От метро полчаса тащилась на автобусе. И вот типовая девятиэтажка – серая, мрачная, с заваленными барахлом балконами, с темным, дурно пахнущим подъездом и нерабочим лифтом, на седьмой этаж пришлось подниматься пешком.
Дверь в квартиру была самой простой, сто лет назад обитой черным дерматином, из которого торчали куски желтой ваты.
Переведя дух и досчитав до двадцати, чтобы усмирить дыхание, Маруся нажала на полустертый звонок. Раздалась оглушающая истеричная трель, дверь распахнулась, и на пороге показалась немолодая растрепанная тетка в нечистом фартуке и стоптанных тапках. На лестничную клетку вырвались запахи жареного лука, тушеной капусты и, кажется, пива.
– Кого тебе? – хмуро спросила тетка.
Маруся пробормотала имя-отчество Р. и добавила, что она от общественности Института иностранных языков имени Мориса Тореза с целью проведать больного.
– Разувайся, – строго сказала тетка, – пальто вешай здесь!
Маруся послушно сняла пальто и сапоги.
Пол был грязным, затоптанным, сто лет не мытым.
«Фу, как противно, – подумала Маруся, – приду домой и колготы выкину».
– Пожрать принесла? – Тетка кивнула на сумки. – Молодец! Я, конечно, подкармливаю, человек-то один, да к тому же инвалид. Но он у нас гордый, что ты! Не берет ничего! Говорит, Настя, если вам не сложно, купите мне молока и хлеба, мне достаточно. Достаточно, ага! – осклабилась тетка. – Совсем тощий стал, прям Кощей! А я что, нанялась? Свои сумки пру, так еще и его? Жене его позвонила, – оглянувшись, зашептала соседка, – ну, сука! Меня, говорит, это не интересует! Видала? Вот они, бабы!
Выслушав, Маруся стала пробираться к двери.
– Иди, иди! – милостиво разрешила соседка. – Обрадуется он. Хоть на работе о нем вспомнили.
Маруся постучалась, но ей не ответили. Соседка, наблюдавшая за происходящим, решительно распахнула дверь.
Григорий Семенович спал. Спал как беззащитный ребенок, приоткрыв рот и раскинув руки. В маленькой комнате было невообразимо душно.

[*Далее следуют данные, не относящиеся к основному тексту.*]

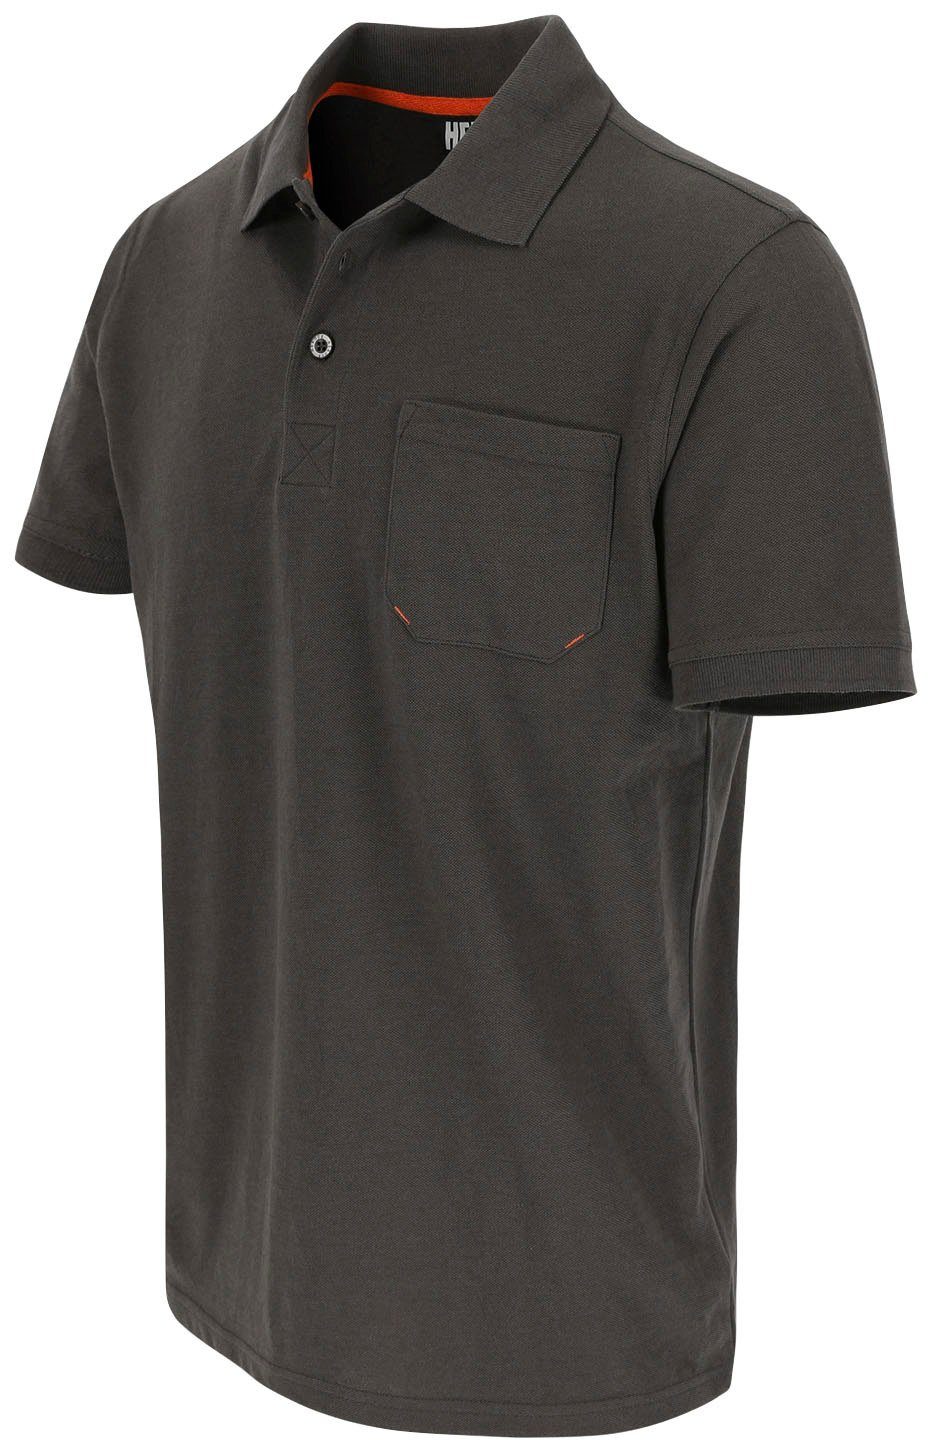 1 grau und Kurzärmlig Poloshirt Herock Farben Leo Bündchen, Rippstrick-Kragen verschiedene Polohemd Brusttasche,

Маруся вошла, огляделась, присела на краешек стула. И так, оказывается, живут умные, образованные, интеллигентные и прекрасные люди. Смотреть на все это невыносимо.
Странное дело, но Р. не сопротивлялся ее хлопотам. Было видно, что он устал от одиночества, от опеки добродушной, но навязчивой пьющей соседки, от болезни, от своей беспомощности. И еще он был очень голоден.
С какой жадностью он пил крепкий, свежий, заваренный Марусей чай, с каким пылом накинулся на сыр и сырковую массу! Как проглатывал куски колбасы, хватал и ломал хлеб, и снова просил чаю.
Маруся подрезала сыр и колбасу, подливала чай, стараясь скрыть чувства и спрятать взгляд. И еще она очень старалась не плакать.
Наконец он наелся и рухнул на спину, на свалявшуюся кривую подушку со старой, ветхой, грязной наволочкой.
– Давайте я поменяю белье, – пряча глаза, сказала Маруся.
– Бросьте! Смысл? Пойти в душ сил нет, да и самого душа нет. Вернее, есть, но не работает. Поправлюсь и доползу до бани, здесь недалеко. Спасибо вам, Мария. Большое спасибо. Но мне так неловко! – Он отвернулся к стене. – Беспомощность – страшное дело, – не оборачиваясь, глухо сказал он. – Знаете, – он помолчал, раздумывая, стоит ли продолжать, и все же продолжил: – Ничего нет хуже беспомощности. Валяешься, простите, как кусок дерьма… И думаешь об одном – зачем? Зачем все это? Вся эта имитация жизни.
Он замолчал. Молчала и растерянная Маруся.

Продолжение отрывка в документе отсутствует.